In this section, we’ll learn how we can source the functions.sh script and use the epoch_to_date() function to solve our use case.

3.1. Sourcing

Let’s write the caller.sh script to source the functions.sh script and call the epoch_to_date() function:

$ cat caller.sh
#!/bin/bash
source ./functions.sh
epoch_to_date "$1"

We must note that the first positional command-line argument ($1) is passed to the epoch_to_date() function.

3.2. With the system Function

Now, we can write a short one-liner Awk script that uses the system() function to execute the caller.sh script:

$ awk '{system("./caller.sh " $1);}' log.txt
2023-12-01 20:00:00
2023-12-02 20:00:00
2023-12-03 20:00:00
2023-12-04 20:00:00
2023-12-05 20:00:00
2023-12-06 20:00:00

It looks like we’ve got the desired result. Further, we must note that we passed the first field ($1) as an argument to the caller.sh script:

3.3. With the getline Function

Alternatively, we can use the getline function to call the caller.sh script:

$ awk '{
    cmd = "./caller.sh \"" $1 "\""; 
    cmd | getline result; 
    close(cmd); 
    print result;
}' log.txt
2023-12-01 20:00:00
2023-12-02 20:00:00
2023-12-03 20:00:00
2023-12-04 20:00:00
2023-12-05 20:00:00
2023-12-06 20:00:00

Like earlier, invocation to the caller.sh calls the epoch_to_date() function.

Additionally, we get the output into the result variable using the getline function. So, if our use case requires it, we can also concatenate it with the second field ($2):

$ awk '{
    cmd = "./caller.sh \"" $1 "\""; 
    cmd | getline result; close(cmd); 
    print result, $2;
}' log.txt
2023-12-01 20:00:00 event-1
2023-12-02 20:00:00 event-2
2023-12-03 20:00:00 event-3
2023-12-04 20:00:00 event-4
2023-12-05 20:00:00 event-5
2023-12-06 20:00:00 event-6

Great! We’ve solved an extended use case with this approach.

4. Inline Functions

Another way to use shell functions inside an Awk script is to write them as an inline command string. Then, we can execute them using the system or getline functions.

4.1. Inline Function as Command String

Let’s see how we can initialize the cmd variable with the epoch_to_date() function as a command string:

'{cmd="bash -c '\''epoch_to_date() { date -d \"@\"$1 \"+%Y-%m-%d %H:%M:%S\"; }; epoch_to_date \"" $1 "\"'\''";}'

Although the quoting in this string may look daunting, it contains the familiar epoch_to_date() function from the functions.sh script. So, let’s break down the quoting and overall command.

First, we’ve got the outermost single quotes for the overall Awk program within which we’re defining the cmd variable:

'{cmd=...}'

Then, we have the inner double quote string to define the cmd string variable in Awk:

'{cmd="bash -c ...";}'

We must note that we don’t require quoting for double quote strings within the single quote string. So, it looks pretty intuitive.

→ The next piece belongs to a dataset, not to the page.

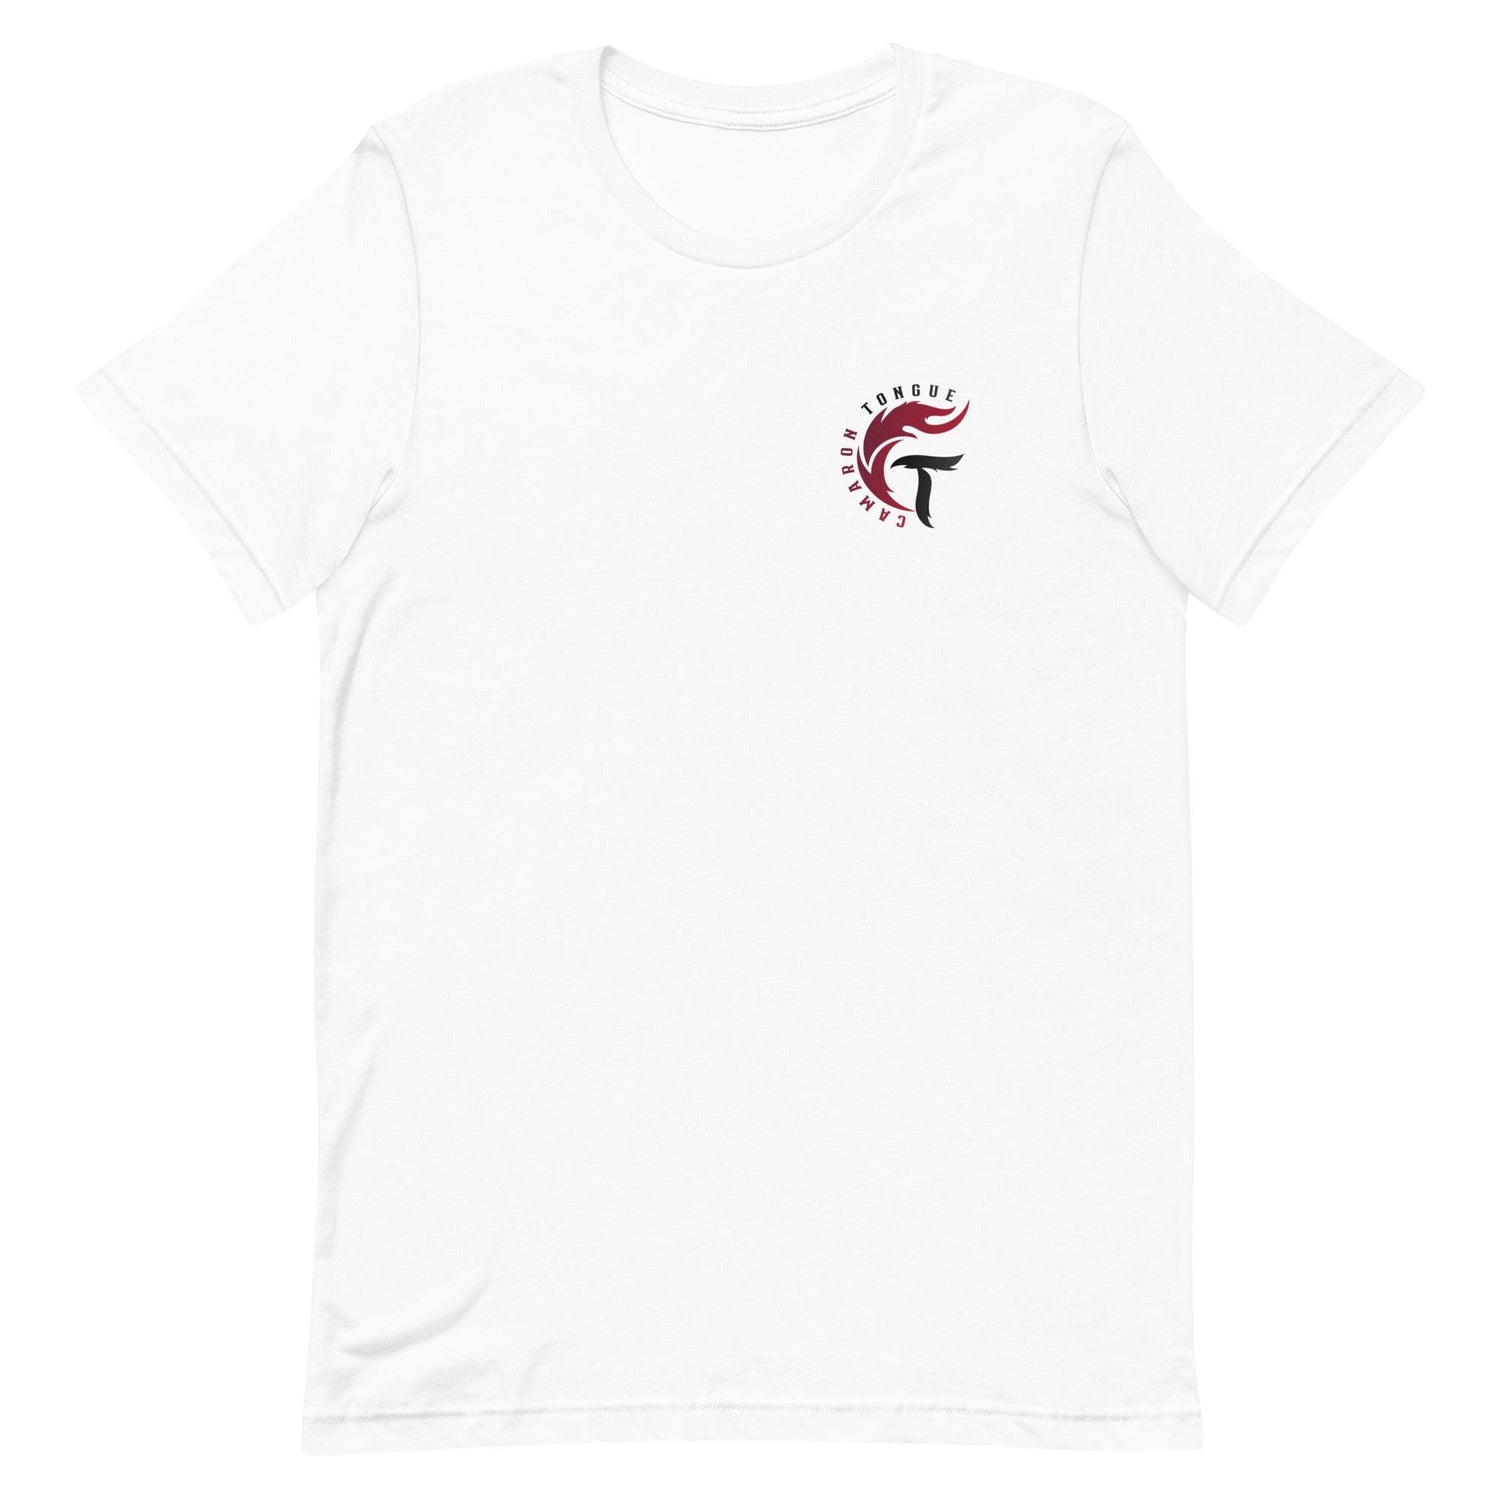 Camaron Tongue "Signature" t-shirt - Fan Arch
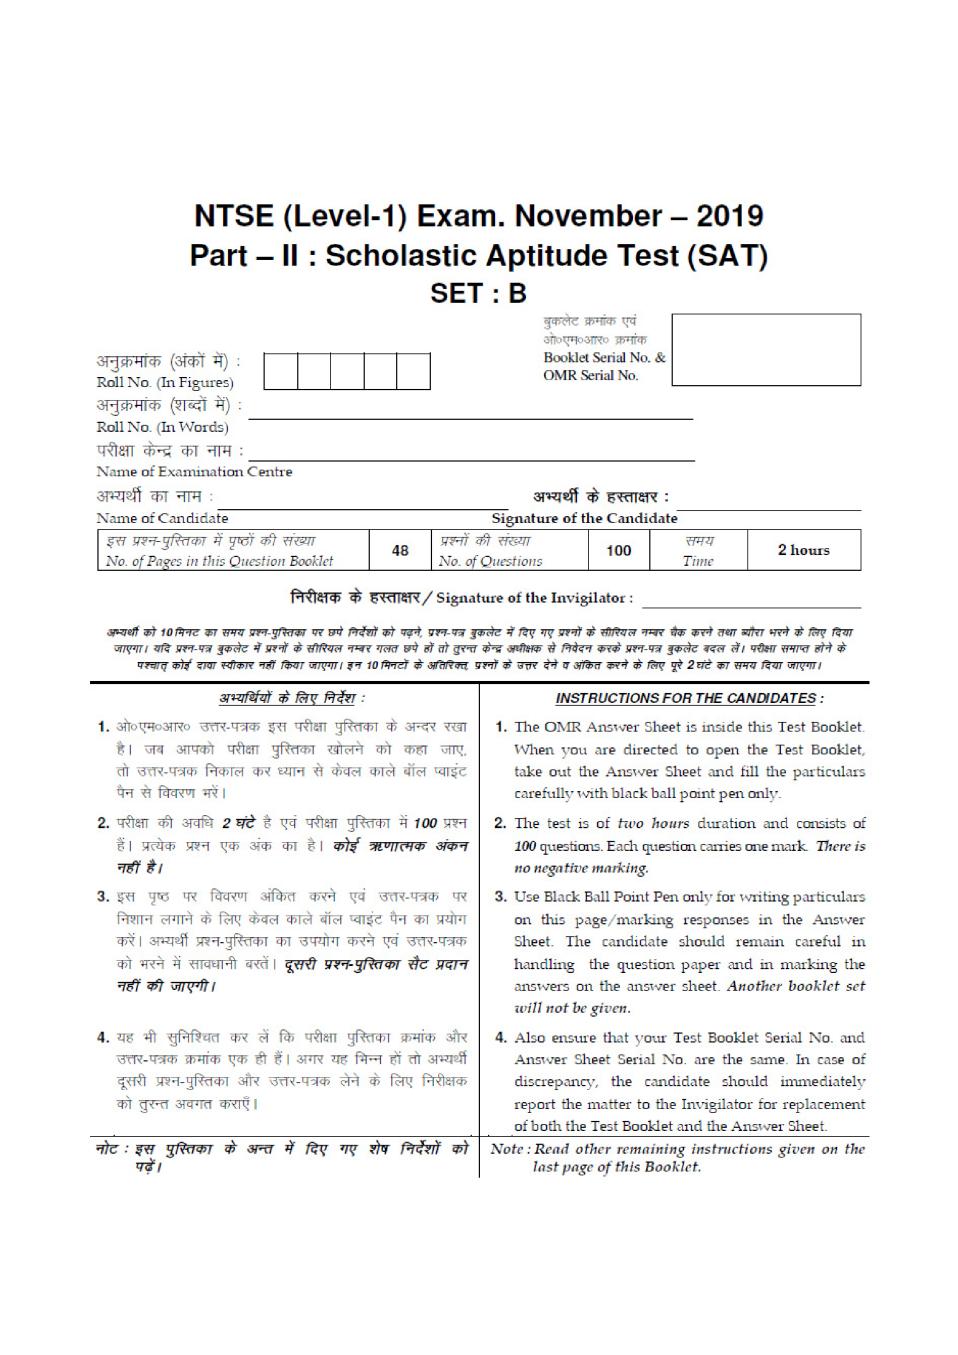 Haryana NTSE Nov 2019 SAT Question Paper Set B - Page 1

Next, we must define the Bash functions and commands within single quotes. So,  we use the escaped string, ‘\”, to define a single quote within a single quote:

'{cmd="bash -c '\''...'\''";}'

Lastly, we add the epoch_to_date() function, keeping in mind that we need to escape any single or double quotes accordingly:

'{cmd="bash -c '\''epoch_to_date() { date -d \"@\"$1 \"+%Y-%m-%d %H:%M:%S\"; }; epoch_to_date \"" $1 "\"'\''";}'

We can notice that we use \” escaped string for adding any double quotes within the outer double quotes.

4.2. With the system Function

Now that we’ve got the epoch_to_date() as an inline function, let’s use the system() function to execute the command string:

$ awk '{
    cmd = "bash -c '\''epoch_to_date() { date -d \"@\"$1 \"+%Y-%m-%d %H:%M:%S\"; }; epoch_to_date \"" $1 "\"'\''";
    system(cmd);
}' log.txt
2023-12-01 20:00:00
2023-12-02 20:00:00
2023-12-03 20:00:00
2023-12-04 20:00:00
2023-12-05 20:00:00
2023-12-06 20:00:00

Perfect! It looks like we nailed this one.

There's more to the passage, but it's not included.